In terms of significance, the population size gap may serve as a minor factor that affects the dairy trade, supporting the findings of Chung et al. [63]. The increase in population size deepens the domestic division of labor, reducing the demand for international trade.

6. Conclusions

This study paper investigates the evolutionary characteristics of the global dairy trade pattern in terms of the overall structure, individual characteristics, and core–periphery structure based on the complex network analysis method. Subsequently, QAP analyzes the factors that affect the dairy trade network. The major conclusions of this paper are drawn as follows.

(1) Global dairy trade network continues to expand in terms of the overall structure, with an increase in the number of trade links and trading countries. A few hub countries hold a large number of trade links, with the attributes of a scale-free network. The dairy trade relations between countries become increasingly close; thus, the transmission efficiency of the network increases, and the degree of intra-regional trade cohesion improves, with the characteristics of a typical small-world network.
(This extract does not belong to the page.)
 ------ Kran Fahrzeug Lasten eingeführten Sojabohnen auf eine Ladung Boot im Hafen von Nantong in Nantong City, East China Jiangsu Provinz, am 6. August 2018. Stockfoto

(2) From the perspective of individual characteristics, the heterogeneity of countries is evident. The USA, UAE, and France serve as the primary importers of dairy products, while the Netherlands, France, and Germany are the major exports of dairy products. Meanwhile, these countries play a dominant role across the year. The import center of dairy products has shifted from Europe, America, and East Asia to North America, the Middle East, and East Asia, while there is no significant change in the export center.

(3) In the context of core–periphery structure, such as the trend of economic globalization, there is a significant increase in the core–periphery countries. In contrast, the semi-periphery countries have decreased over time. Moreover, countries such as the U.S., Canada, and France perennially occupy the core position. Alternatively, states such as Indonesia and Malaysia represent the newly emerging core countries.

(4) The difference in per capita income level, geographical distance gap, and common language are the factors that constantly affect each country’s dairy trade relations and trade value, based on the results of QAP regressions. Differences in economic levels and regional trade agreements have gradually become critical influencing factors. In addition to this, the shared borders are not conducive to establishing dairy trade links, since the value of dairy trade may not follow the “border effect”.

The above results indicate that the factors influencing the global dairy trade network are highly complex and heterogeneous compared to other products. This paves potential directions for future research, such as climate and price factors [64,65,66]. Refining these studies enables the uncovering of the unique factors affecting the dairy trade. There are also some limitations in this paper. We may not consider factors such as dairy production and cattle stock in each country. Future studies can be further improved. In order to promote the sustainable development of the global dairy trade, the following recommendations should be taken into account. Firstly, countries should strengthen their infrastructure construction, such as roads and railway lines, to reduce the cost of trade flow and weaken the inhibiting effect of geographical distance on trade. Secondly, there is a need to improve cultural identity and strengthen mutual political trust among the states. Lastly, countries should strengthen their economic exchange setups to promote the development of regional free trade agreements.

This paper extends the application of CNA in international trade and analyzes the influencing factors of dairy trade networks using the QAP method. It helps other scholars to conduct further research and also helps to promote the sustainable development of dairy trade on a global scale.